Découvert au Festival de Brive parmi les films en compétition, le moyen-métrage des soeurs Clara et Laura Laperrousaz « Retenir les Ciels » nous emmène dans les steppes et les forêts ensoleillées du Sud de la France pour nous raconter l’été d’un jeune couple et de leur enfant. Cette cellule familiale tente de s’épanouir dans un cadre paradisiaque mais leur harmonie sera progressivement menacée par le surgissement des fantômes d’un passé douloureux.
Les premières images du film nous présentent Luna, petite fille construisant seule des pâtés de sable au bord d’une rivière coulant au milieu d’une immense forêt. La simplicité des gestes et des déplacements de l’enfant, dont les mouvements fluides et aériens de la caméra épousent le rythme avec attention, définissent d’emblée le rapport que les réalisatrices entretiennent avec leurs personnages. Il s’agit pour elles de les accompagner dans leurs déambulations, de les laissés délimiter leurs propres territoires de fiction puis de leur accorder le temps nécessaire à l’exploration de ces territoires. Ainsi, l’isolement de l’enfant dans les premières scènes nous touche autant dans ce qu’il traduit de la démarche des cinéastes que dans ce qu’il annonce du récit à suivre.
L’enjeu dramatique principal de « Retenir les Ciels » tient dans la question du lien, de la connexion. Iris, la jeune mère en attente d’un nouvel enfant, ne peut ignorer le trouble et les peurs qui l’assaillent à l’approche du quatrième anniversaire de sa fille Luna à cause des réminiscences d’un drame familial. L’angoisse qu’elle ressent se meut bientôt en désir de fuite. Elle veut quitter la campagne et abandonner sa fille, brisant ainsi le triangle harmonieux qu’elles formaient avec Ezechiel, son compagnon, qui tout au long du récit luttera pour préserver l’union entre tous les individus.
Le film est construit sur des plages de contemplation, des répétitions de séquences mettant en scène chacun des personnages dans des paysages naturels se substituant à des espaces mentaux. Ainsi, les corps de Luna et d’Ezechiel sont associés aux territoires forestiers et rocailleux invitant aux jeux et à l’exploration tandis que celui d’Iris déambule à plusieurs reprises dans des steppes immenses sous un ciel infini et menaçant, renforçant les sensations d’isolement et d’angoisse qui la caractérise. À chacun son territoire, son espace à investir et à explorer, au risque de briser l’équilibre précaire qui maintient la grâce et retient les ciels au dessus de nos têtes. Et lorsque vers la fin du film, c’est au tour de la petite Luna de s’éloigner du triangle familial le temps d’une escapade dans les rocheuses, on est bouleversé par la beauté d’un geste de cinéma rare et précieux : l’enfant acquiert son indépendance au même titre que les autres personnages et devient un véhicule de fiction à part entière, libre d’ouvrir sa propre parenthèse à l’intérieur du récit.

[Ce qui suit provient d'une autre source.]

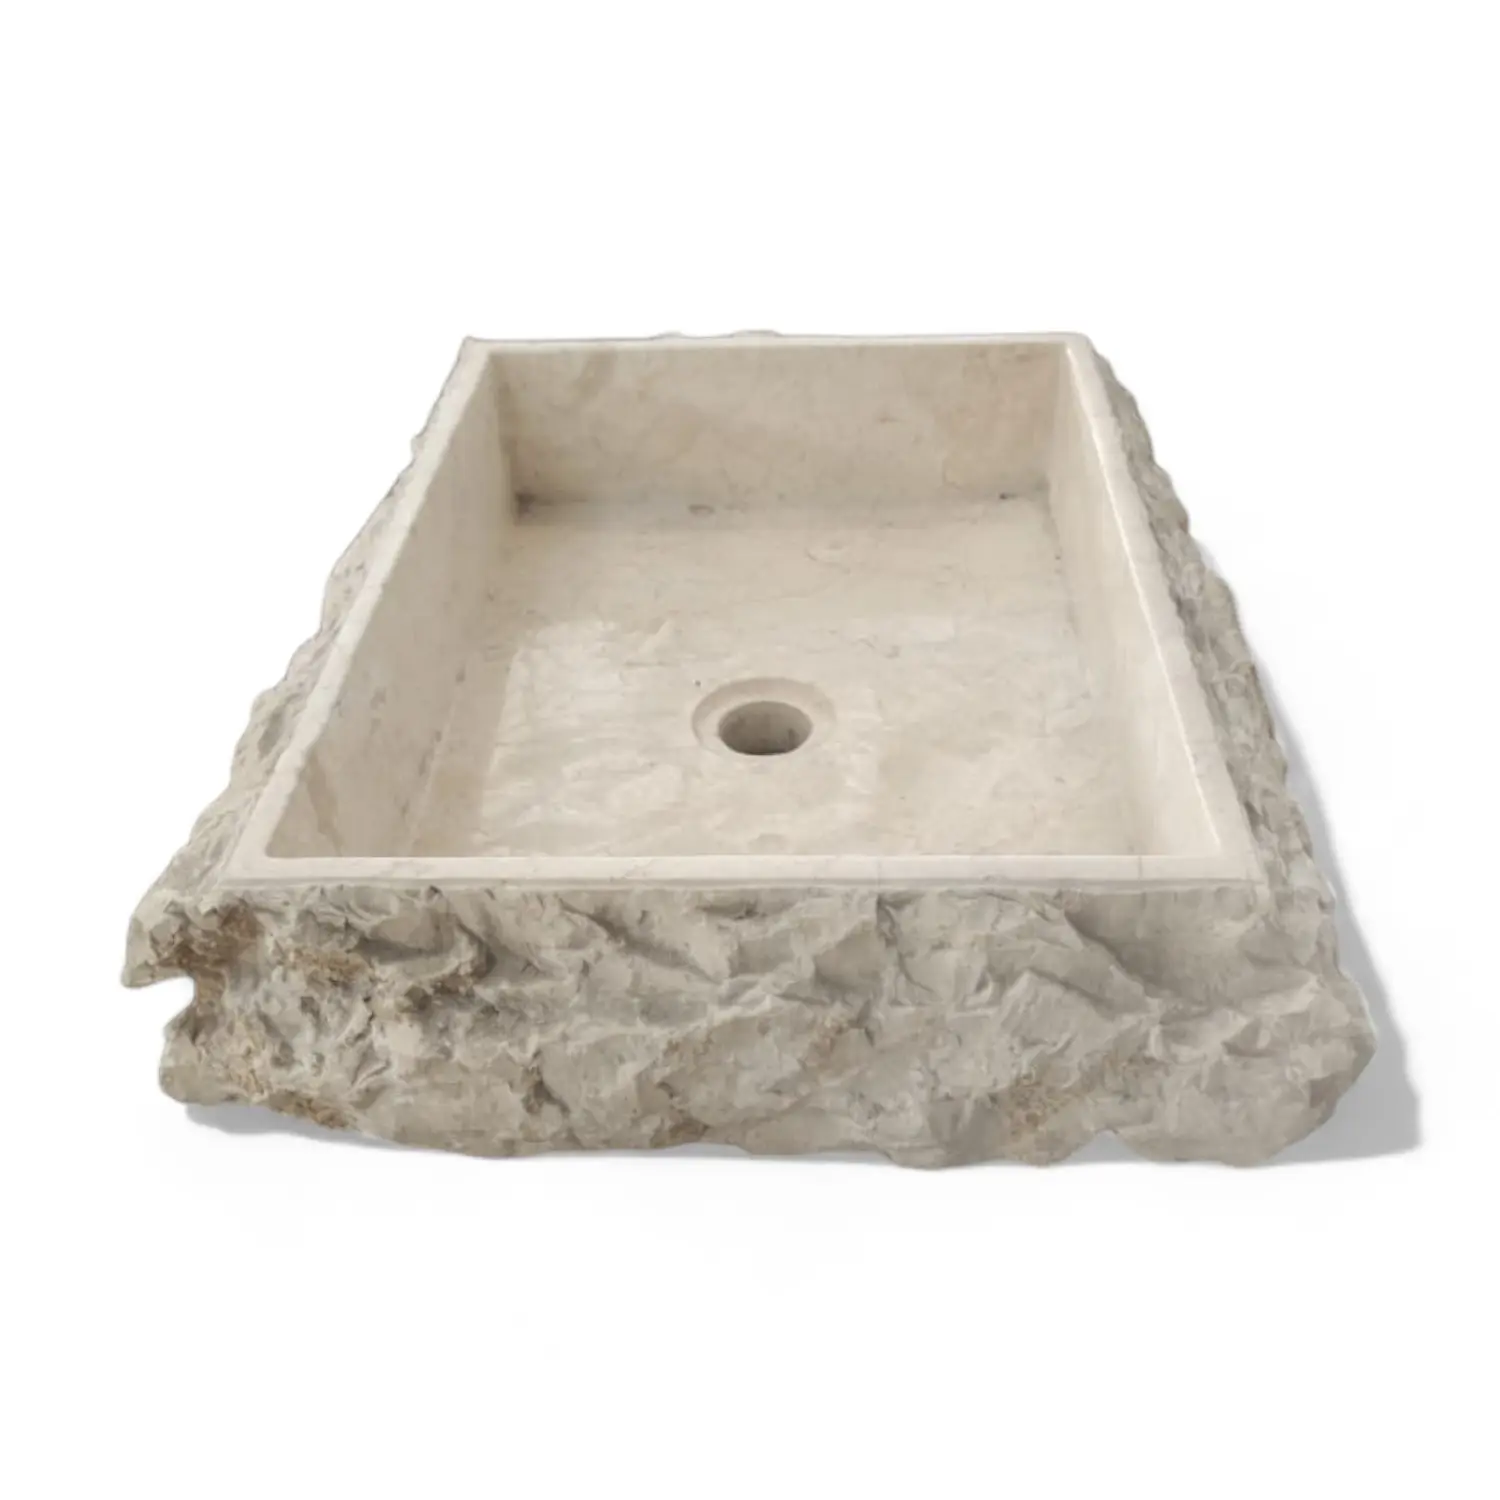 Lavabo in pietra naturale in marmo color crema rettangolare pietra rustica lavandini da bagno dimensioni 50x40x12 cm per mobili da bagno

Utiliser le format du moyen-métrage pour trouver la durée juste, développer les séquences pour permettre aux personnages d’investir le temps et l’espace, donnant ainsi au spectateur l’opportunité d’explorer en profondeur tous les champs du film, témoigne de l’intelligence des soeurs Laperrousaz qui parviennent à imposer leur voix singulière avec cette seule réalisation. La suite se prépare : l’écriture d’un scénario de long-métrage est en cours. Il s’inscrira dans la continuité thématique et formelle de « Retenir les Ciels ».
Bonjour aux réalisatrices. Très envie de voir votre court métrage. De ma Réunion il me sera difficile sans doute de trouver à le visionner. Pouvez vous me dire comment je dois faire??? Très bel article très encourageant pour la suite à toutes les 2. Je vous embrasse et vous félicite. Au plaisir de vous lire.